Mindfulness Activity #74

Mindfulness Activity #74

Mindfulness to Atrocity

Sometimes mindfulness involves remaining present to emotions even when they are unpleasant. A great deal of injustice is possible because people turn away from feeling the suffering of others. It can either be too distant for us to connect to, or it can be so overwhelming that those who can, avoid.

Today’s mindfulness with art exercise involves just sitting and taking in this famous work by Pablo Picasso. Last summer, I was able to see this painting at the Reina Sofia Museum in Madrid. First, a little background on this piece which has become a rallying cry against war and violence.

In 1937, the Spanish republic asked Picasso to create a large composition for the Paris International Exhibition. This request occurred just after the most destructive event of the Spanish civil war: the bombing of the small Basque village of Guernica. This catastrophe was a result of Germany’s Nazis and Italy’s Fascists, who wished to show their support for Franco’s Nationalists in the face of the Republicans. Guernica was destroyed; hundreds had been killed or hurt, all of whom were innocent civilians.
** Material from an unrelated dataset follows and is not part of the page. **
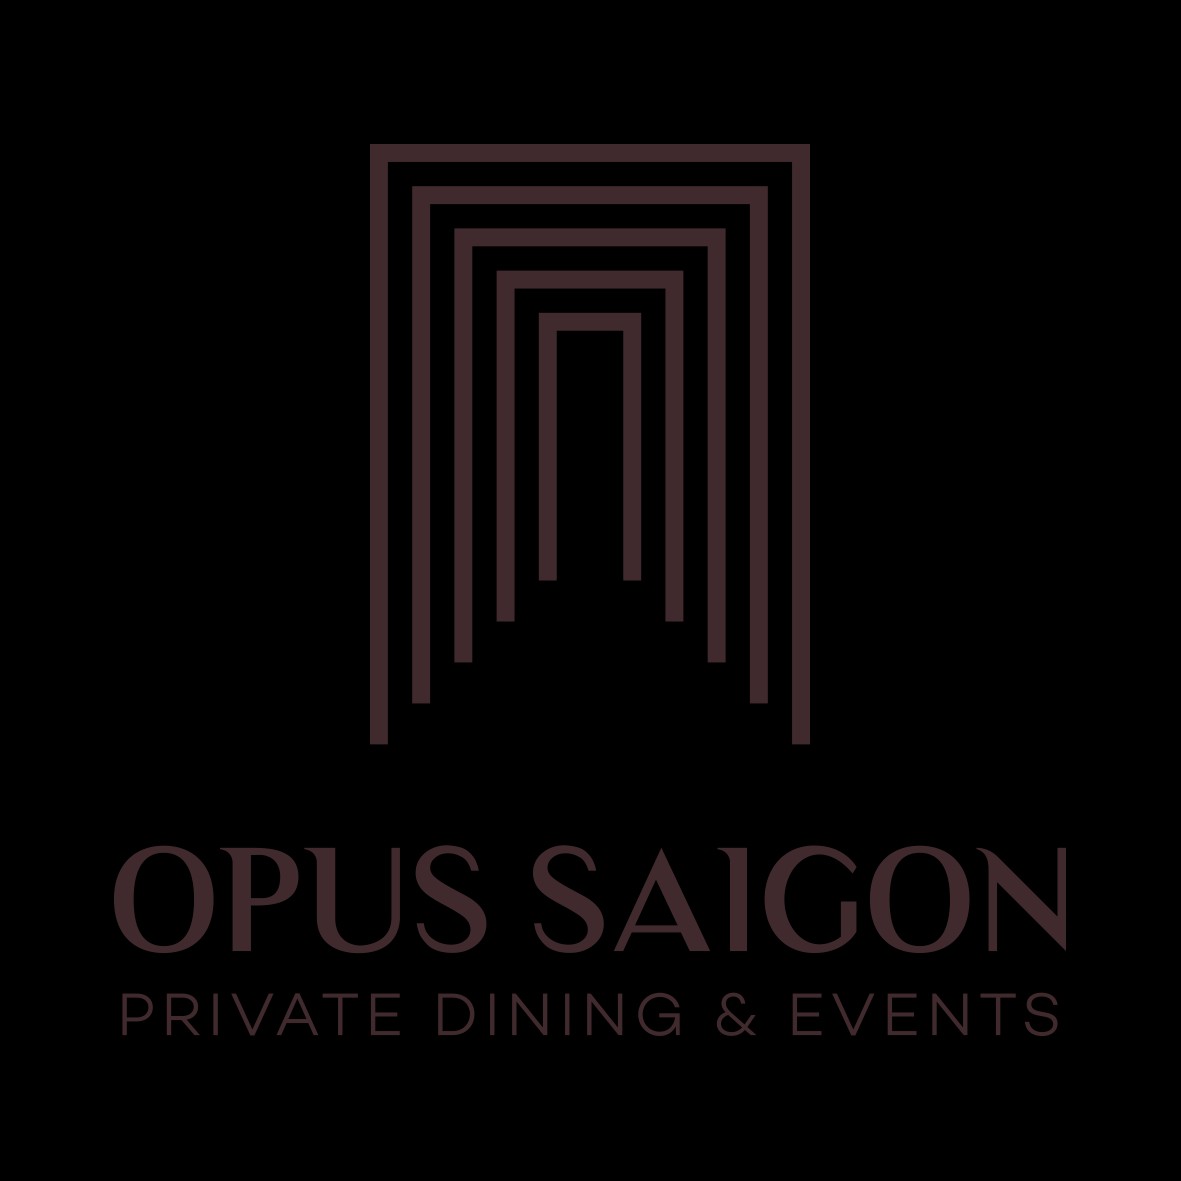 Oriental Saigon (Opus Saigon - Hoi An Sense - Mandarine Restaurants)

Picasso, who was living in Paris at the time, learnt about the ordeal through newspapers. Deeply moved by the testimonies he read and the photographs he saw, Guernica became his enraged cry against this absence of humanity. Picasso’s disdain of the war was evident, and when Nazi ambassador, Otto Abetz stood in front of the piece and asked Picasso if “it was [he] that had made this” Picasso defiantly replied “no, you did” ( from https://blog.artsper.com/en/a-closer-look/artwork-analysis-guernica-by-picasso/ )

So for this practice, set this timer for 5 minutes

When you hear the music, settle in, take a few breaths, and take in this painting using your vision. Notice details, and especially notice your own emotions and reactions. If you have thoughts, do not try to ignore them—take them in fully, but do not allow your attention to stray from the piece.

The task to extend this practice is to remain attentive—watching and listening to the suffering of others. Zen teaches that the suffering of even one of us is suffering of us all. To move past suffering into transformative action, we must see and accept fully the pain that is present. Thich Nhat Hanh taught that we do not need to know the answers to make change, we just need to be present, remain attuned to suffering, and work to cultivate compassion. Transformative change follows from this.